The answer should be each line from the entries below that has the word "Titel" in it.

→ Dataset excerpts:
══════════════════════════════

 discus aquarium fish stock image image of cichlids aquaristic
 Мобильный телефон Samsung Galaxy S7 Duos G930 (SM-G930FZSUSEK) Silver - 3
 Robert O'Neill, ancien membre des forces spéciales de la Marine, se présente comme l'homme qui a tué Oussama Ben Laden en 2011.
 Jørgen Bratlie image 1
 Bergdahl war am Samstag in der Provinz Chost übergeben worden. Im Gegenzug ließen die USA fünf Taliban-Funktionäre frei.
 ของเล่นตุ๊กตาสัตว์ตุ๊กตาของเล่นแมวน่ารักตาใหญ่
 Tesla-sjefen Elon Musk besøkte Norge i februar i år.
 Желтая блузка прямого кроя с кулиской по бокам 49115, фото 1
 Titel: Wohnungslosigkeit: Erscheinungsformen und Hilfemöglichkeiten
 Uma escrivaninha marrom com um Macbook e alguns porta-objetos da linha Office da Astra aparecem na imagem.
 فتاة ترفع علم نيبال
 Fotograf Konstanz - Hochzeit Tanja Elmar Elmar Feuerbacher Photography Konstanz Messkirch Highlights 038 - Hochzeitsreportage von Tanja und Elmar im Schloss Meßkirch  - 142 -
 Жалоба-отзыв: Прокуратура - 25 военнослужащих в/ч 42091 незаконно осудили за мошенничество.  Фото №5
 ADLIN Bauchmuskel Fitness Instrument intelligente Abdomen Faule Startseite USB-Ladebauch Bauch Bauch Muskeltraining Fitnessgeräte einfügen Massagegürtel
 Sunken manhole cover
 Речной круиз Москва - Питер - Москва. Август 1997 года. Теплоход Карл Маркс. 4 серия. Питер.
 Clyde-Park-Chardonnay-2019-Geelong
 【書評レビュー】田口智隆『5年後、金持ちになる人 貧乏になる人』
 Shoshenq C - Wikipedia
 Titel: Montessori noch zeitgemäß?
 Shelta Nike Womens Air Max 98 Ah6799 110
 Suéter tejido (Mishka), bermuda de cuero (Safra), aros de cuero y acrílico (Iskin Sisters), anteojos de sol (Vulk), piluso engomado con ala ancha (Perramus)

══════════════════════════════

→ COMPLETED EXERCISE:
 Titel: Wohnungslosigkeit: Erscheinungsformen und Hilfemöglichkeiten
 Titel: Montessori noch zeitgemäß?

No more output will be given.